◆ **WORK TO BE COMPLETED**
Return the full listing character for character, without its pictures.

◆ **DATA**
##############################

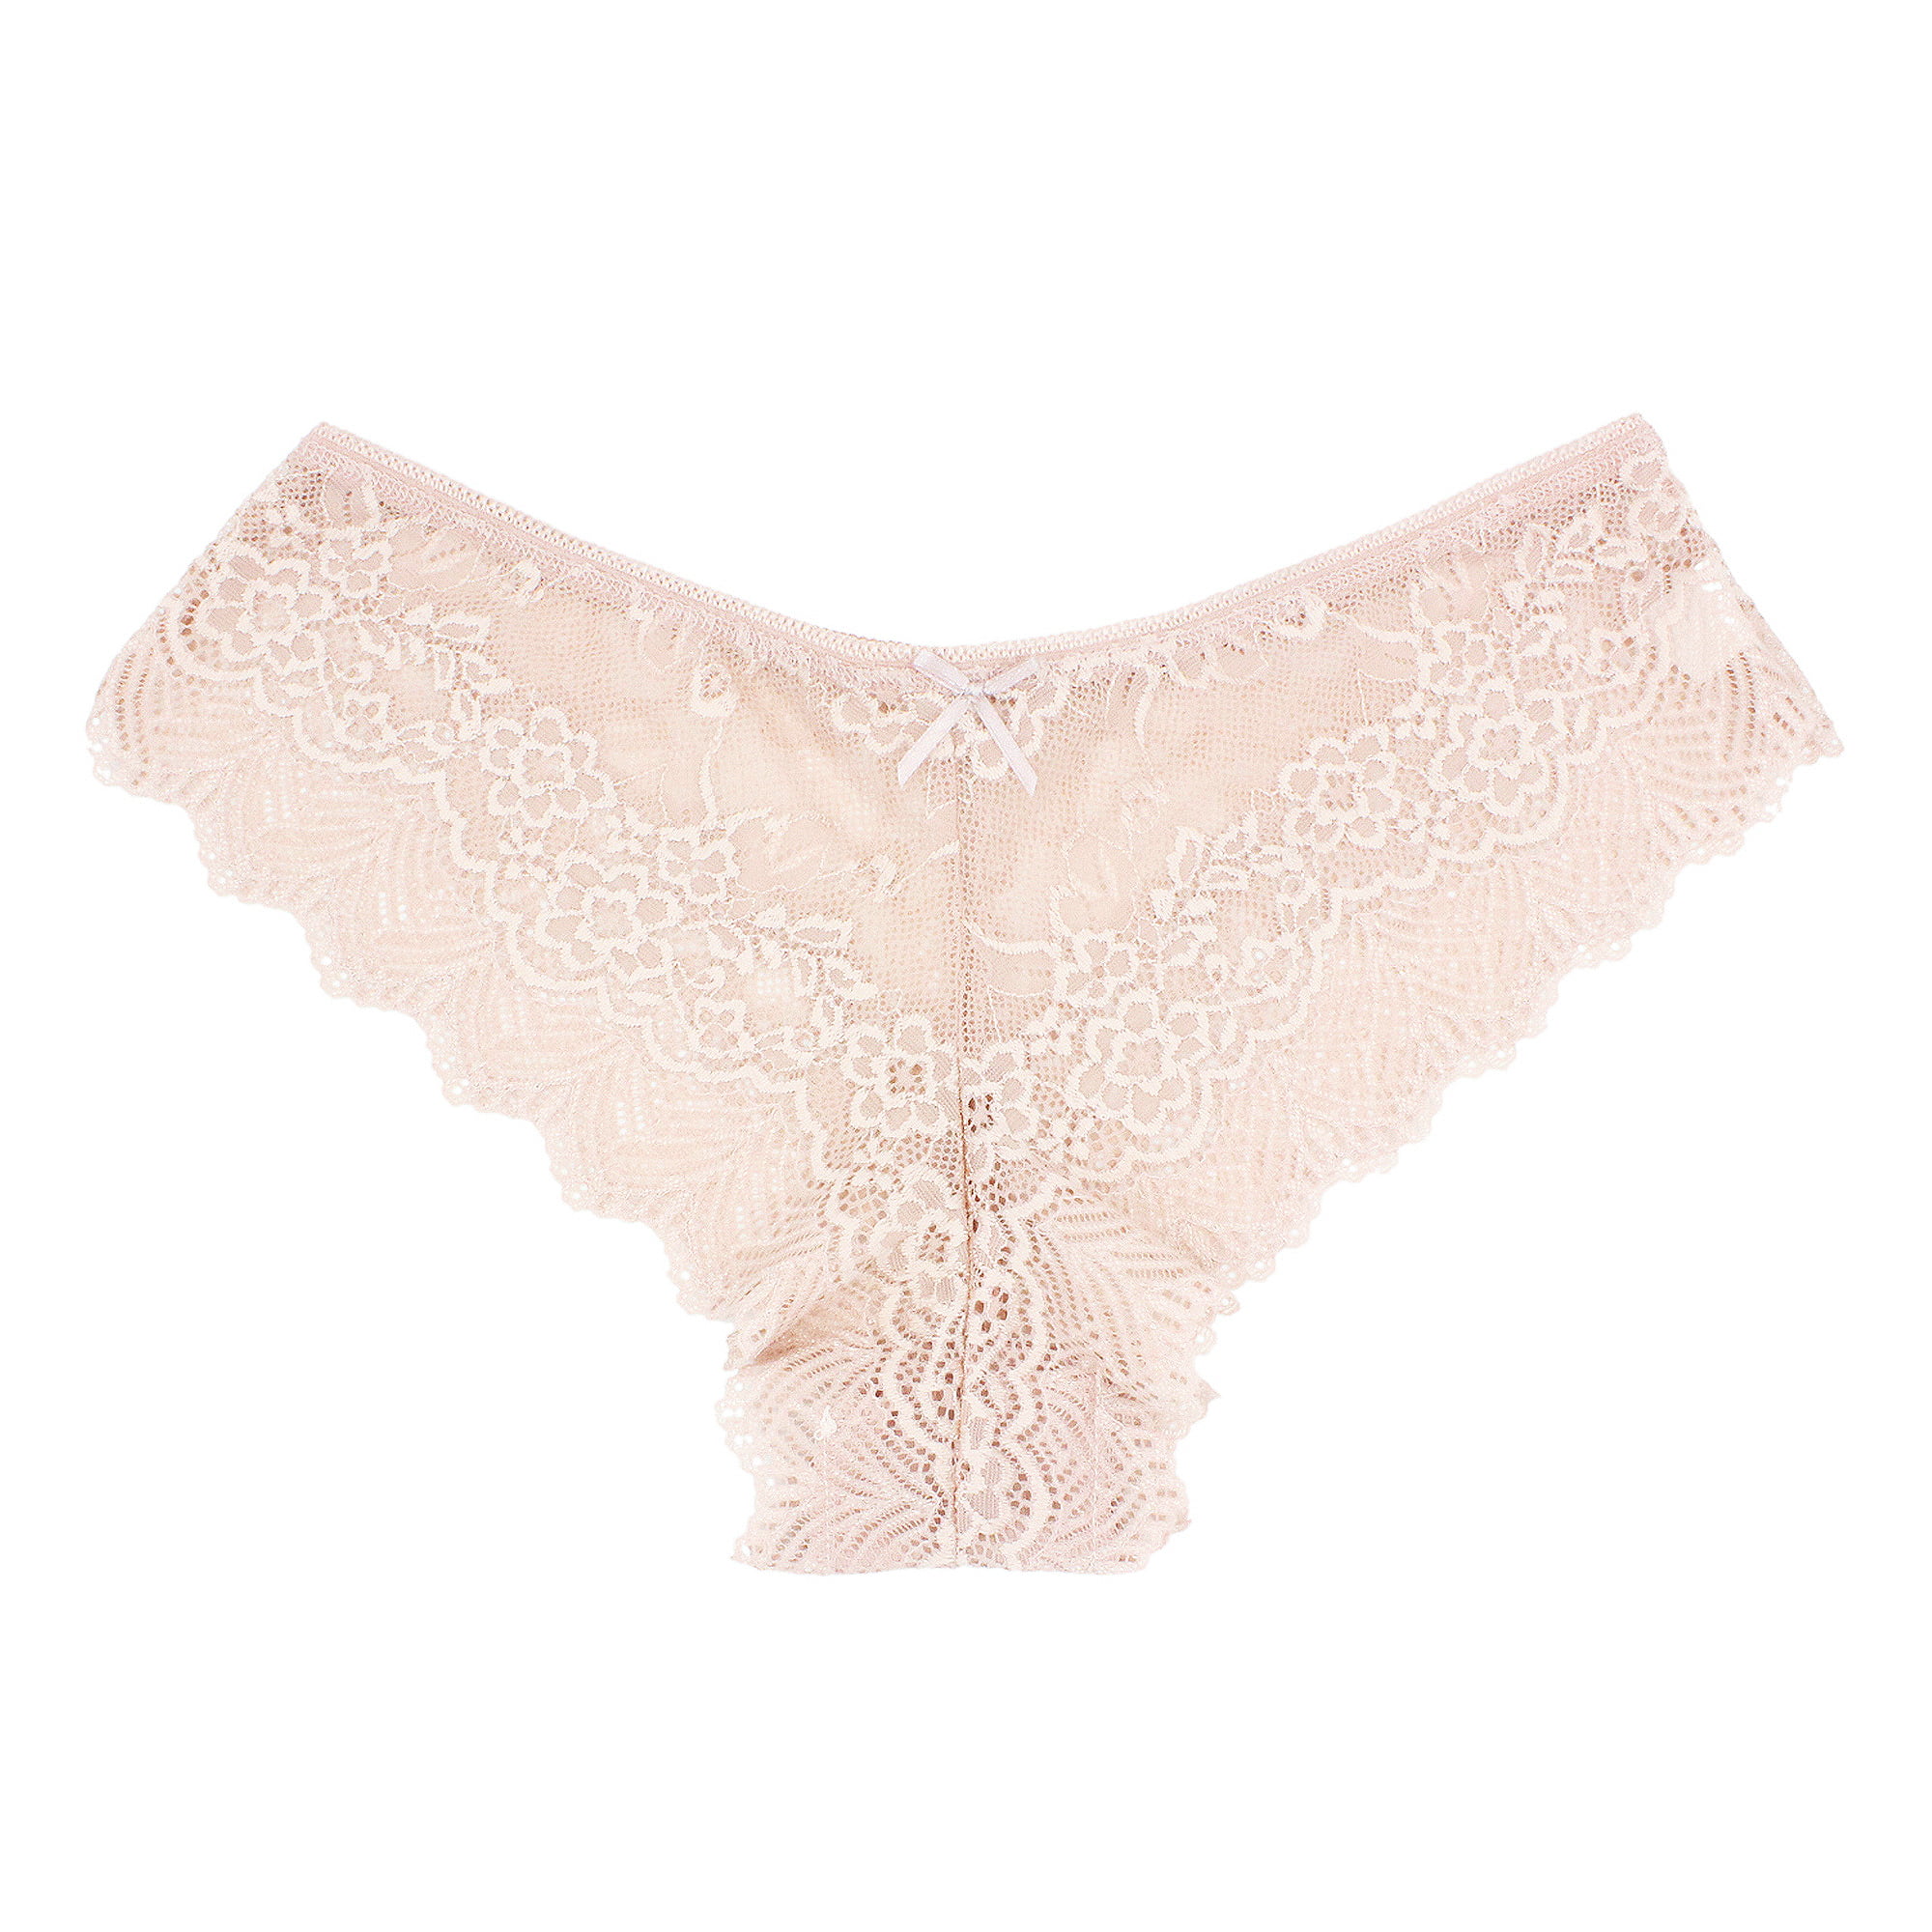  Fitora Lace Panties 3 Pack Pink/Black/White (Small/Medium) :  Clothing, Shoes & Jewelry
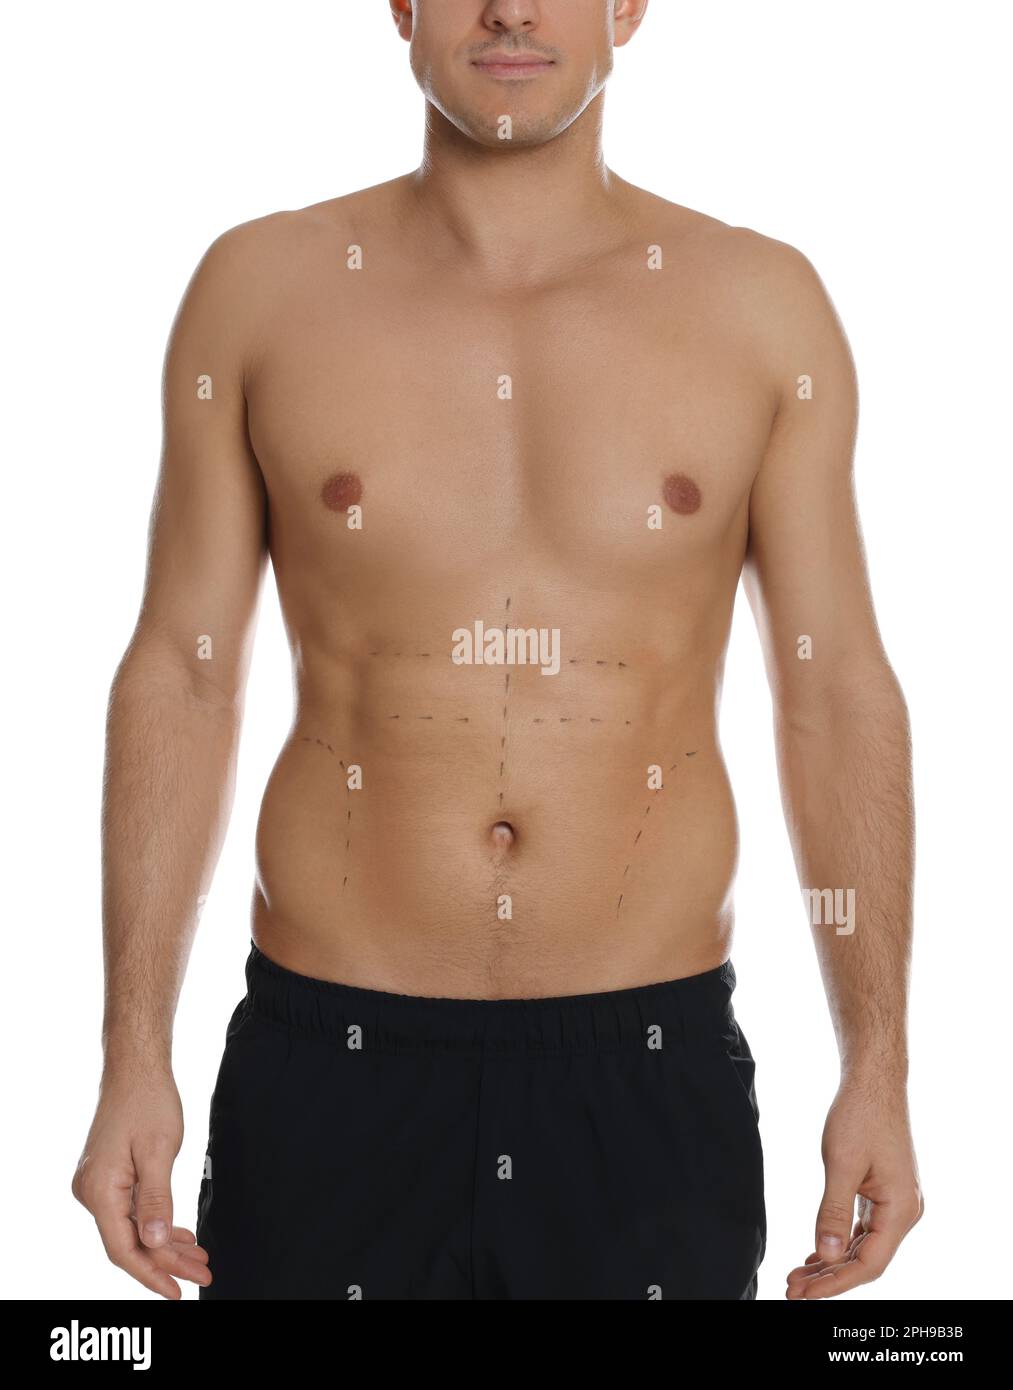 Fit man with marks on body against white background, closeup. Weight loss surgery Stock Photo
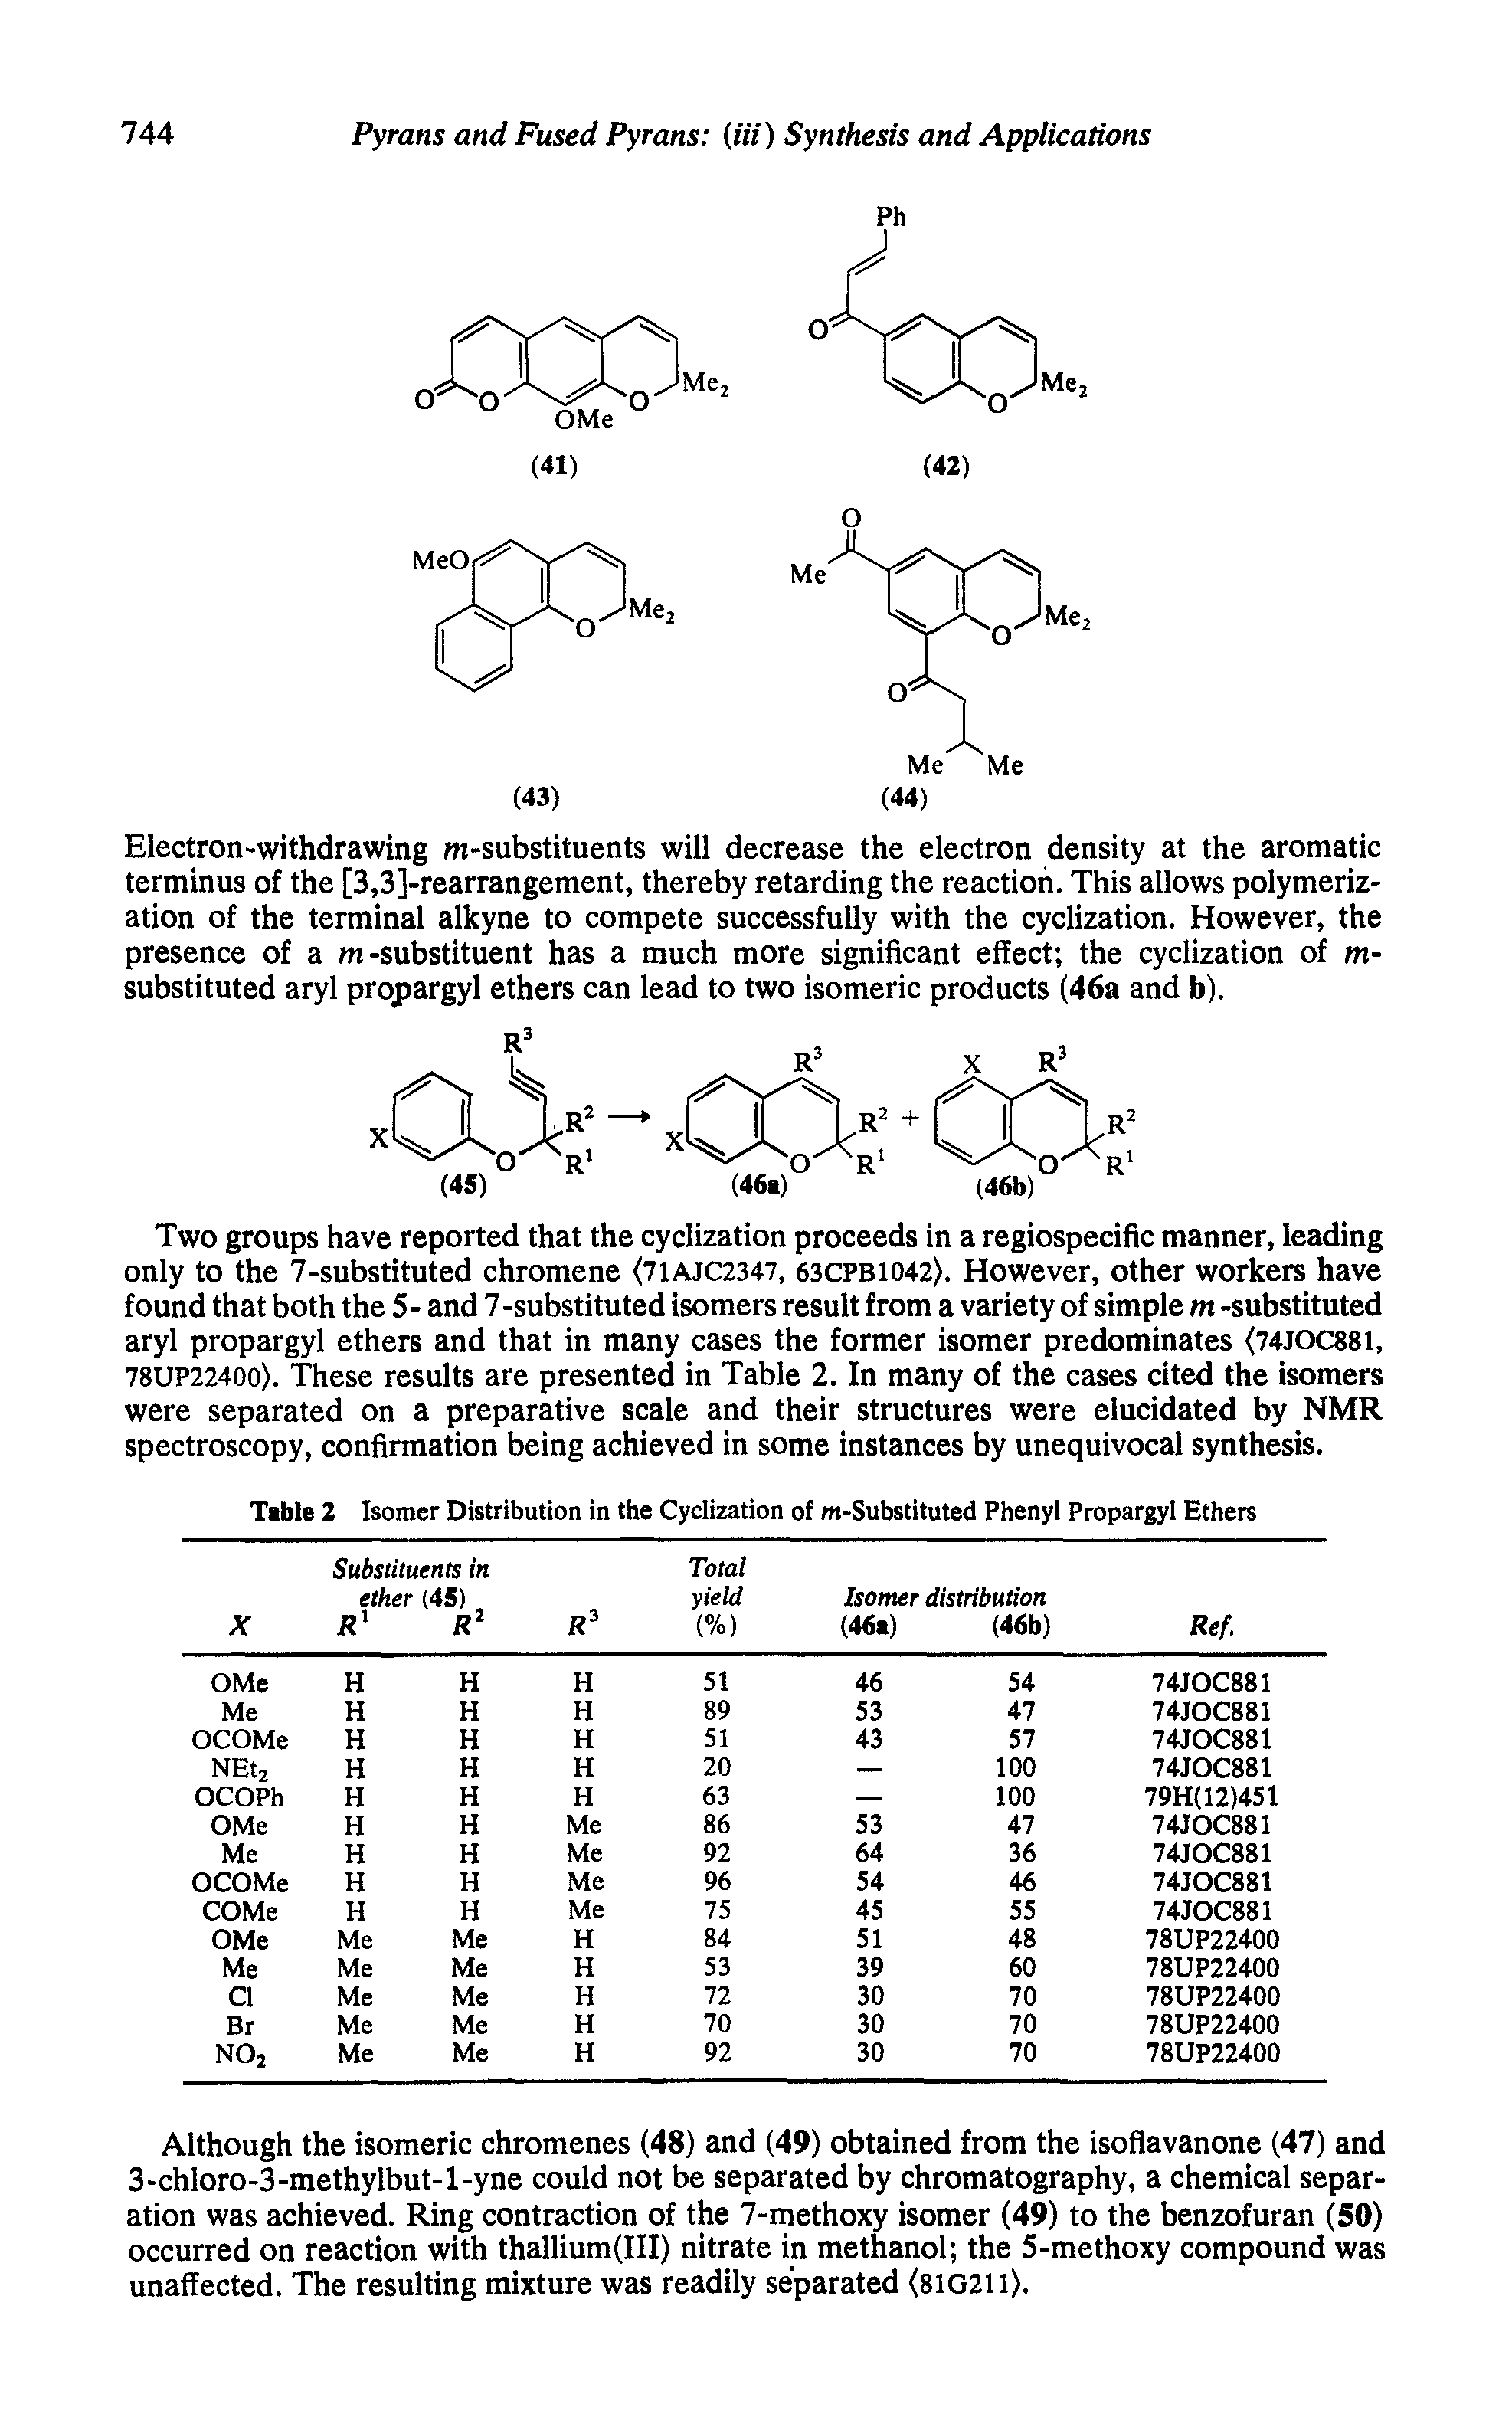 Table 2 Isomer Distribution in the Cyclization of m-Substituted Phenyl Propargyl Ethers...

##############################

◆ **ANSWER BOX**
  Fitora Lace Panties 3 Pack Pink/Black/White (Small/Medium) :  Clothing, Shoes & Jewelry
 Fit man with marks on body against white background, closeup. Weight loss surgery Stock Photo
 Table 2 Isomer Distribution in the Cyclization of m-Substituted Phenyl Propargyl Ethers...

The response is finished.